Hier nochmal die Vorteile von LCN
1. keine Extra Datenleitung einfach ein Draht mehr in der NYM
2.Vieles Dezentral lösbar
3. Sehr leicht Erweiterbar weil siehe 1 und 2
schau Dir doch mal dieses System in ruhe an und besorg Dir mal Preise über den Grosshändler.
HDD


----------



## Oberchefe (20 Dezember 2005)

@HDD:
und schon wieder sind wir bei zentral weil billiger:


----------



## Oberchefe (20 Dezember 2005)

Und was meiner Meinung nach auch noch gegen LCN spricht:
die Abhängigkeit von einem Anbieter.

Wenn Wago pleite gehen sollte kann ich immer noch zu Beckhoff gehen. Sollten die auch nicht mehr können oder wollen, dann ersetze ich die SPS durch die eines anderen Anbieters, und zwar zentral im einreihigen Verteilerkasten (~30€) anstatt alle Dosen aufmachen zu müssen.

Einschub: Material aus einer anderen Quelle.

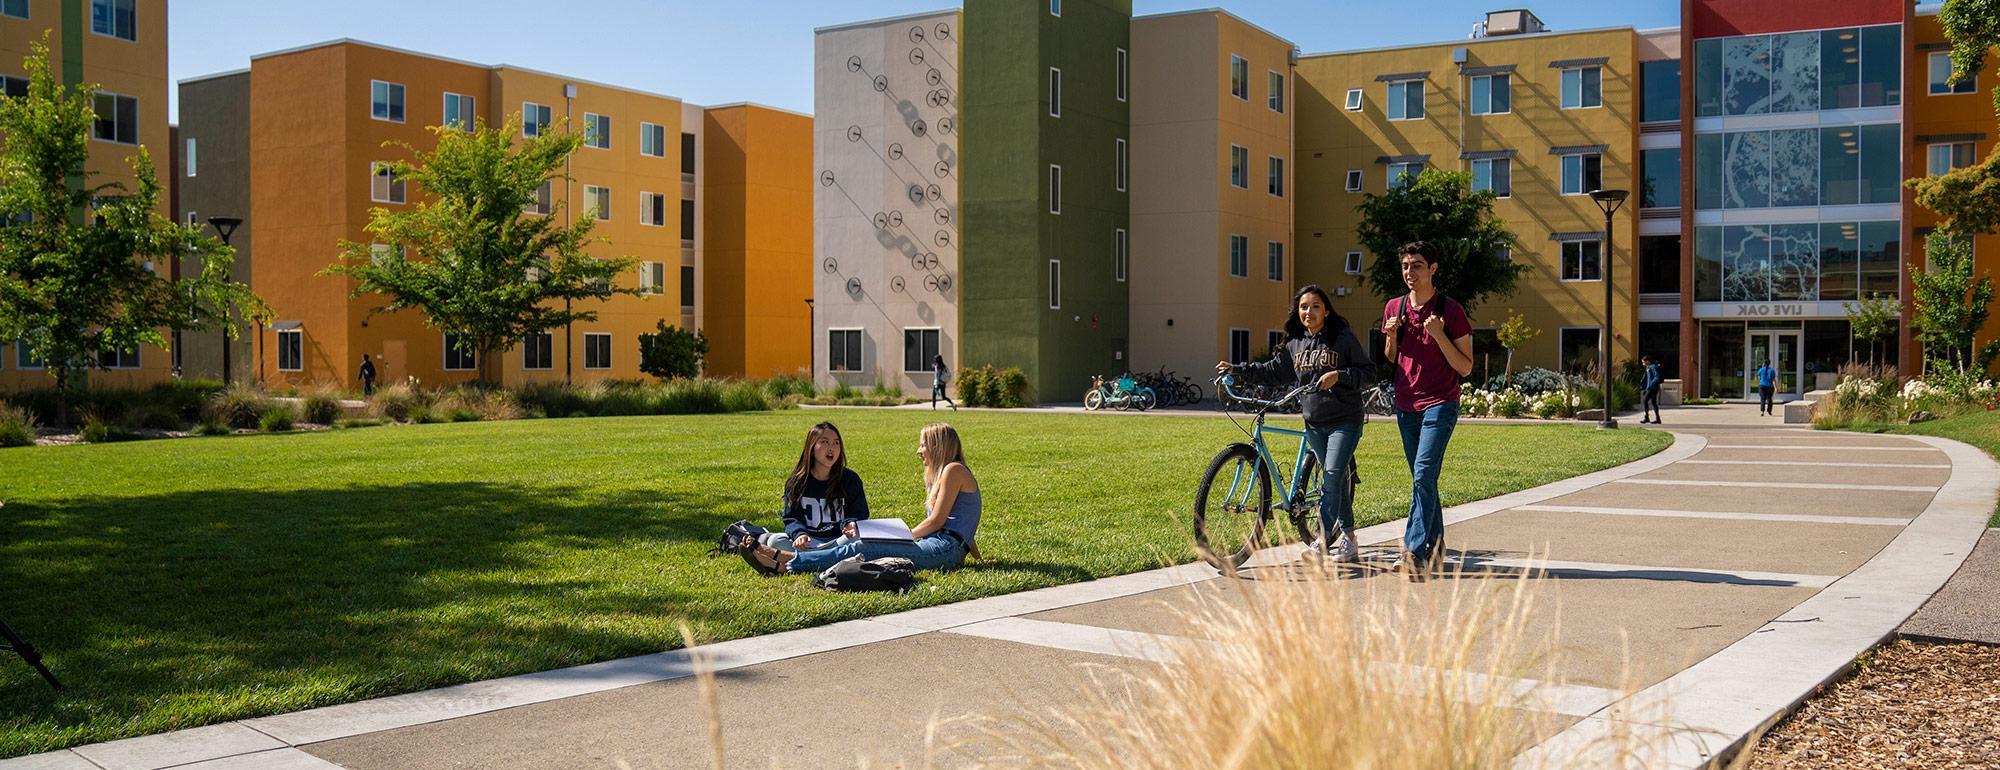 two student walking a bike while two more students are sitting on the grass in front of the residence halls

Abgesehen vom Preis (190 Euronen für ein LCN-UPP, ok ist in der Apotheke http://www.eas-y.de , aber wenn es auch nur die Hälfte wäre, da kommt eine in hohen Stückzahlen produzierte Standard-SPS allemal billiger pro Ein/Ausgang).


----------



## HDD (21 Dezember 2005)

Hallo Oberchefe,
ich habe ja auch geschrieben vieles und nicht alles ist dezentral machbar.
Und überlegmal welche Leitungen Du alle in Unterverteiler legen mußt um hier wirklich später alle Steckdosen und Lampen einzeln ansprechen zukönnen ich habe schon einige solcher Verteiler gesehen die sind größer
als in einem Hochhaus (Scherz) .Und zu der Tatsache mit der Datenleitung im NYM es werden schon einige Steuerleitungen bei Dir sein die Du legen mußt (Schlitze werden etwas größer) und was dann am Ende Billiger ist wird sich sehr schnell rausstellen . Das öffnen der Dosen sollte kein Problem sein da hier Geräte vormontiert sind.Aber ich wollte dich auch nicht überreden dieses System einzusetzten es sollte nur eine Anregung sein.
Kann sein das diese Firma mal pleite geht kann sein daß du dein Haus mal verkaufen willst und der Käufer sagt welches System haben sie den eingebaut was sagst du dann Sie brauchen einen Sps Prgrammierer um Lampe X von schalter Y einschalten zulassen? Dieses System wird schon von vielen E-Installateuren eingesetzt  die ich kenne.
HDD


----------



## funkturm23 (11 Januar 2006)

hallo an allen

habe 1995 mein neugebautes haus mit einer a250 sps versehen und steuere damit solar heizung licht und lüftung.
mann braucht schon einen schlaltschank im keller mit relais und schützen.
kann aber nur postive erfahrung weiter geben.
programmierung und änderungen kann ich mit den pc selbst vornehmen.


----------



## tomrey (4 Januar 2012)

@oberchefe:
"Ich für meinen Teil werde nächstes Jahr mein Haus mit Wago 750-841  ausstatten. Jedes Stockwerk ein eigener Controller, von da zu den  einzelnen Zimmern mit Klingeldraht, geschaltet wird die Leistung vor Ort  mit Relais."

das war wohl 2005..?
wurde das so realisiert?
gibt es einen erfahrungsbericht?
gruß


----------